● **DATASET EXCERPTS**:
────────────────────

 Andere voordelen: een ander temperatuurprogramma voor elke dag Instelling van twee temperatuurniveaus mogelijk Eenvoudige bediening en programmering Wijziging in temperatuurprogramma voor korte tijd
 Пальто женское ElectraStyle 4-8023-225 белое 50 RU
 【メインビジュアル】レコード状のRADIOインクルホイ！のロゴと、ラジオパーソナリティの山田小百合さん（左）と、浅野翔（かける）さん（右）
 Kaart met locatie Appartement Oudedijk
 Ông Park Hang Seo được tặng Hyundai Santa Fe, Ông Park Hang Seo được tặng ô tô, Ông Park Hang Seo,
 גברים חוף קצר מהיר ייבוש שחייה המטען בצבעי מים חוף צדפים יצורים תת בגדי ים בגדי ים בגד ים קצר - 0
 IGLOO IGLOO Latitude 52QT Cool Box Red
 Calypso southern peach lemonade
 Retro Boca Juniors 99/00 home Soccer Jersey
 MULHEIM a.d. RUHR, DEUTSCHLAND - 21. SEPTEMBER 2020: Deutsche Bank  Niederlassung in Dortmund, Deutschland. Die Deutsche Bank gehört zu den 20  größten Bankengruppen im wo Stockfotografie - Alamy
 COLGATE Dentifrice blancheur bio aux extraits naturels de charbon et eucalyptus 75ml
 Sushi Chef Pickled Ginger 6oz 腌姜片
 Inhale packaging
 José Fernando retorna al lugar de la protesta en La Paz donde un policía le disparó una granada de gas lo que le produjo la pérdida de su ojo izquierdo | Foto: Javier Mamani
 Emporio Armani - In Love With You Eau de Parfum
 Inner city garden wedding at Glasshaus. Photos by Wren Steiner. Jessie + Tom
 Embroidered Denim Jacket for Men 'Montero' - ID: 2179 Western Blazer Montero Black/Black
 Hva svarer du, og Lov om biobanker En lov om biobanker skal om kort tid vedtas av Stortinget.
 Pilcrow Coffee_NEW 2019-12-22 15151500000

────────────────────

● **EXERCISE PROMPT**:
Transcribe exactly the line containing "Inner city garden" and all remaining lines of the material, ending with the last one.

● **OUTPUT OF THE TASK**:
 Inner city garden wedding at Glasshaus. Photos by Wren Steiner. Jessie + Tom
 Embroidered Denim Jacket for Men 'Montero' - ID: 2179 Western Blazer Montero Black/Black
 Hva svarer du, og Lov om biobanker En lov om biobanker skal om kort tid vedtas av Stortinget.
 Pilcrow Coffee_NEW 2019-12-22 15151500000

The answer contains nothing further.